Penularan demam thypoid selain didapatkan dari menelan makanan atau minuman
yang terkontaminasi dapat juga dengan kontak langsung jari tangan yang terkontaminasi
tinja, urin, secret saluran nafas atau dengan pus penderita yang terinfeksi (Dian, 2007).

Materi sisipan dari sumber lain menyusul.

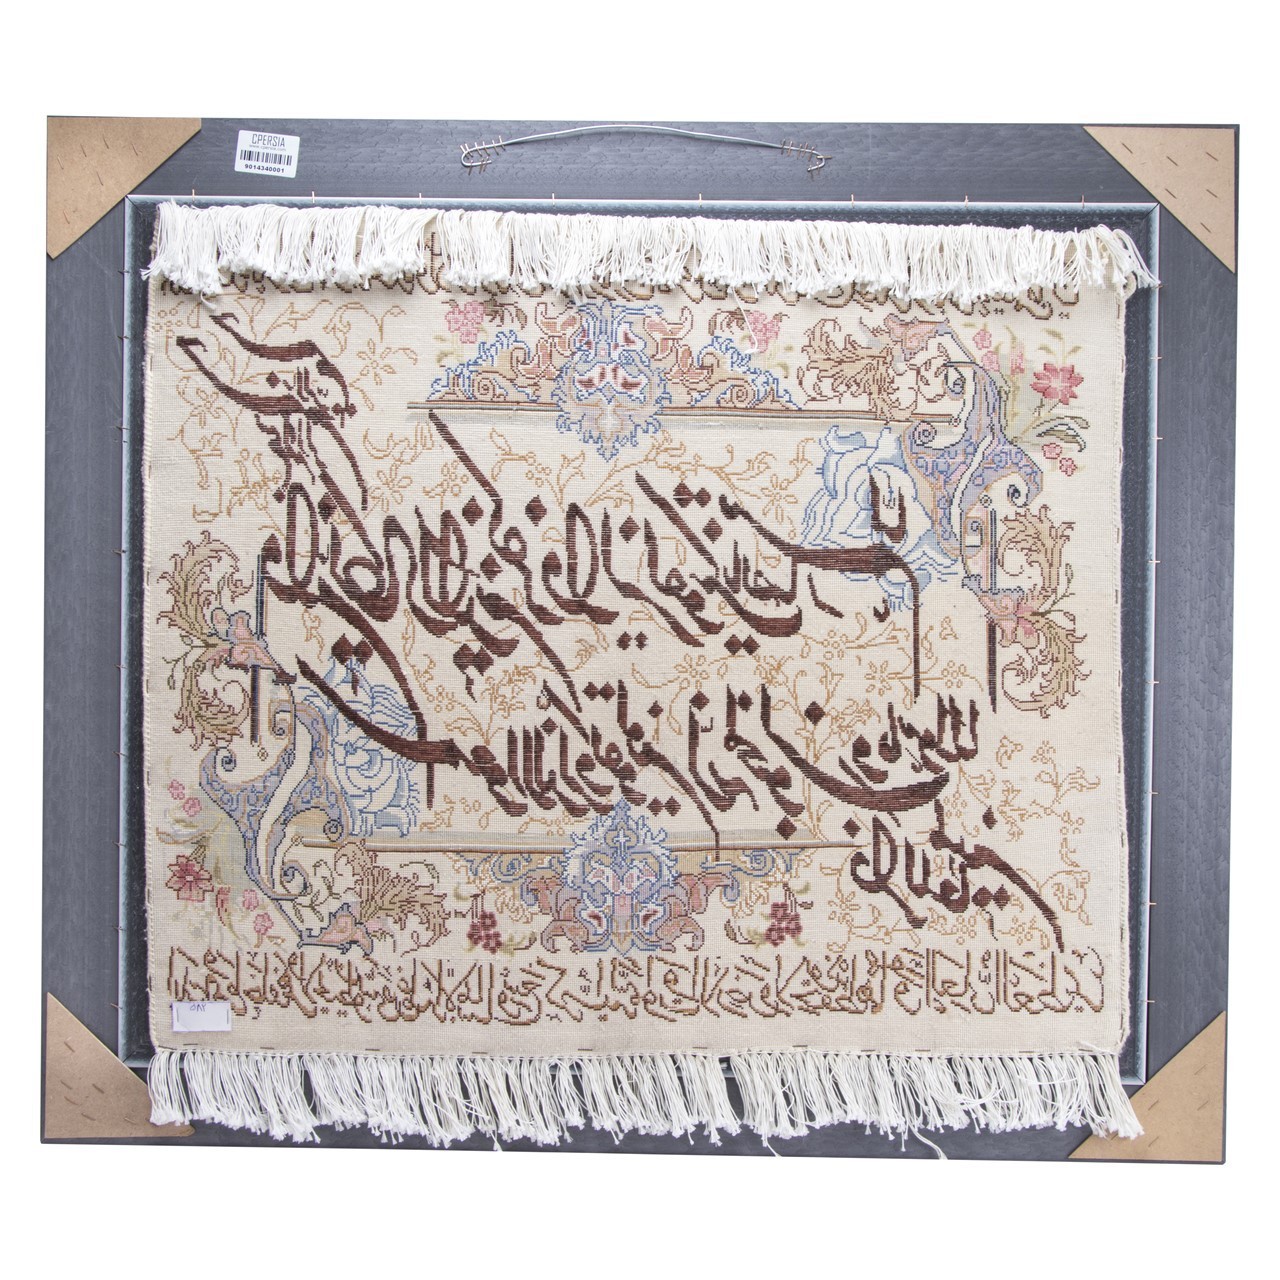 Pictorial Tabriz Carpet Ref: 901434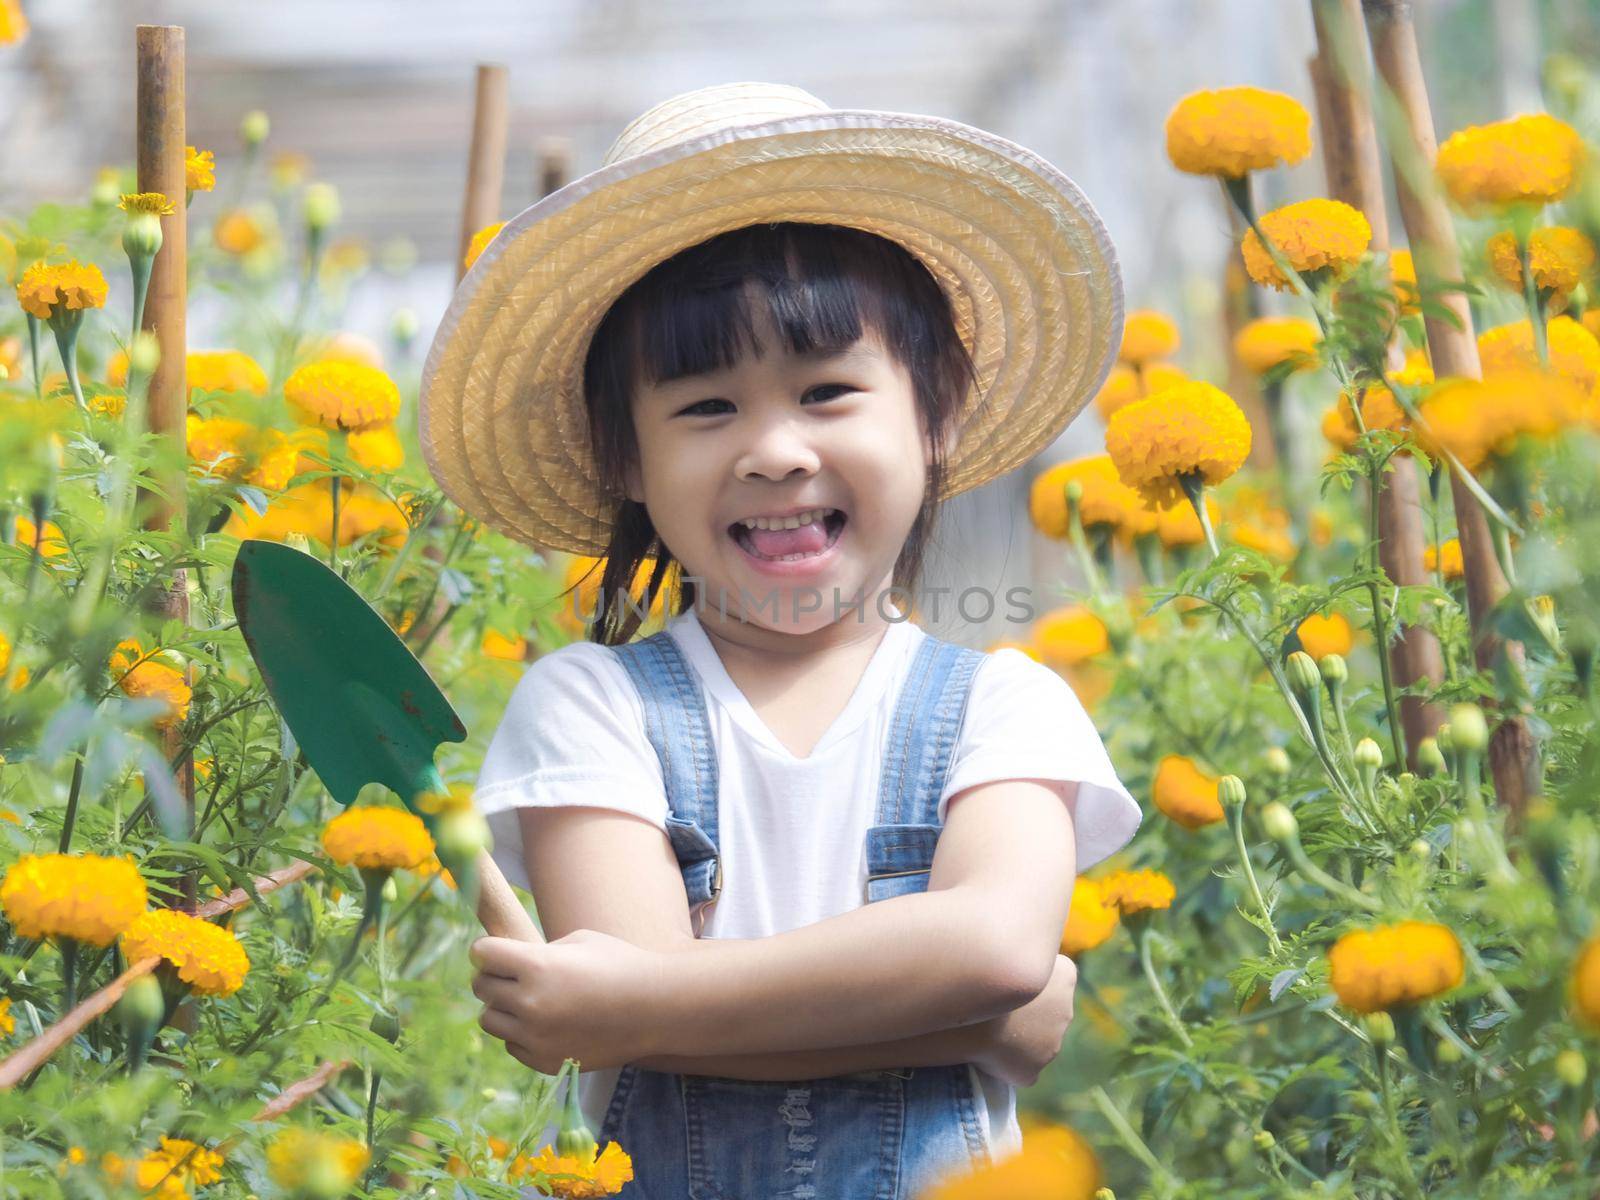 Cute little girl in hat holding garden tool shovel for planting flowers in the garden. A child helps mom in the garden, a little gardener. by TEERASAK

Proses makanan atau minuman terkontaminasi didukung oleh faktor lain yakni manusia
yang terlibat langsung dengan pengolahan bahan makanan serta perilaku kebersihan diri
perorangan yang baik karena bakteri sering ditemukan pada tangan. (Rahayu, 2000).
Kebersihan diri salah satu penularan dari penyakit saluran pencernaan adalah
melalui tangan yang tercemar oleh mikroorganisme yang merupakan penyebab penyakit.
Mencuci tangan sesudah buang air besar, mencuci tangan sebelum makan akan
melindungi seseorang dari infeksi penyakit kemudian kondisi kuku jari tangan seseorang
juga mempengaruhi terjadinya demam thypoid, mencuci tangan dengan benar harus
menggunakan sabun serta air yang mengalir karena menggosok sela-sela jari dan kuku
2
dapat mencegah bakteri yang berada di kuku jari tangan. Pencucian tangan dengan sabun
dan diikuti dengan pembilasan dapat menghilangkan mikroba yang terdapat pada tangan-
tangan yang kotor atau terkontaminasi dapat memindahkan bakteri dan virus pathogen
dari tubuh, tinja atau sumber lain ke dalam makanan atau minuman. Kombinasi antara
aktivitas sabun sebagai pembersih, penggosokan dan aliran air akan menghanyutkan
partikel kotoran yang banyak mengandung mikroba (Rakhman, 2009).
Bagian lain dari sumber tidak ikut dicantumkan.